At independence in 1948, Sri Lanka had a comparatively professional and independent judiciary. New constitutions in 1972 and 1978, however, cut back on the judiciary’s protection from parliamentary and presidential intrusions. The 1978 constitution vested unfettered control of judicial appointments in presidential hands. Analysts say that unlike other South Asian countries, no strong tradition or norm of consultation between the president and the chief justice developed. Nor did predictable rules immune from manipulation, such as promotion by seniority, emerge.

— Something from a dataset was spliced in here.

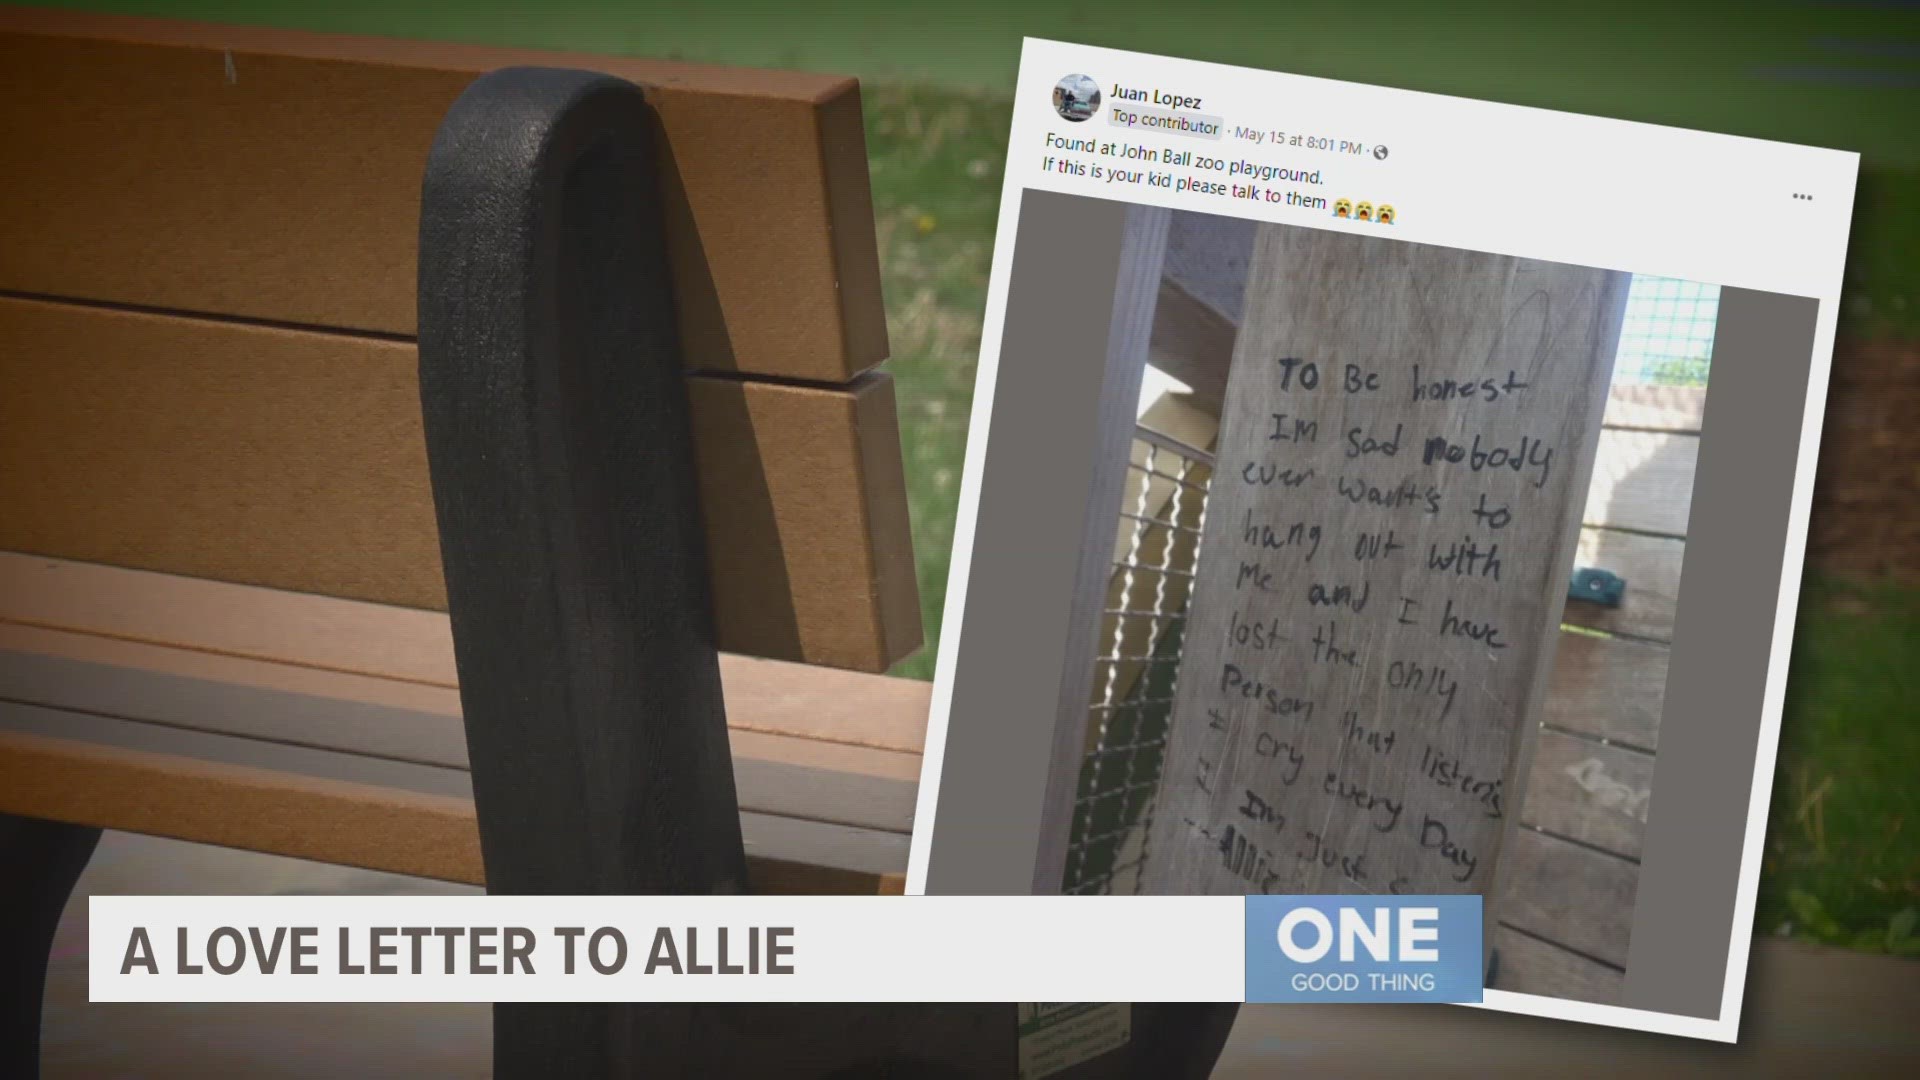 Westside neighbors are rallying around someone who left a heartbreaking note on the playground at John Ball Park.

Misfits/ corrupt like Sarath N. Silva (of ‘Helping Hambantota’ shame), chose to exercise his powers in ways that further sapped the independence of the lower courts and the Supreme Court. The illegal and highly politicized impeachment of Chief Justice Dr Shirani Bandaranayake in January 2013, followed by the equally politicized appointment of Mohan Pieris as her successor, was emblematic. International Commission of Jurists echoed that the Sri Lankan justice system cannot ensure accountability for human rights violations and war crimes because the judiciary has been deprived of its independence and impartiality, and lawyers suffer intimidation, hindrance, harassment and improper interference.
Few sentences have been quoted more often than the aphorism: “Justice must not only be done, but must also be seen to be done”. This dictum was laid down by Lord Hewart, the then Lord Chief Justice of England in the case of Rex v. Sussex Justices, [1924] 1 KB 256. In this case, Lord Hewart went on to observe that what was important was not what was actually done, but what might appear to have been done and held :“Nothing is to be done which creates even a suspicion that there has been an improper interference with the course of justice.”
This principle is important in an era where public attention is focussed on the courts as the ultimate arbitrator in meting out justice to the people. Lord Hewart’s principle requires that Judiciary not only should be actually independent from executive interference but to be seen as being independent entities and not as departments or appendage of the those in the higher echelons of power. Naturally, harm is caused to our own legal system and its credibility by ignoring this salutary principle. It sustains an ethical requirement that judges and decision-makers more widely cannot hear a case if, from the perspective of a reasonable and informed observer, their impartiality might reasonably appear to be compromised — an appearance standard. In Sri Lanka, justice does not appear to be done in the eyes of the public, with the fence itself eating the crops it is supposed to protect.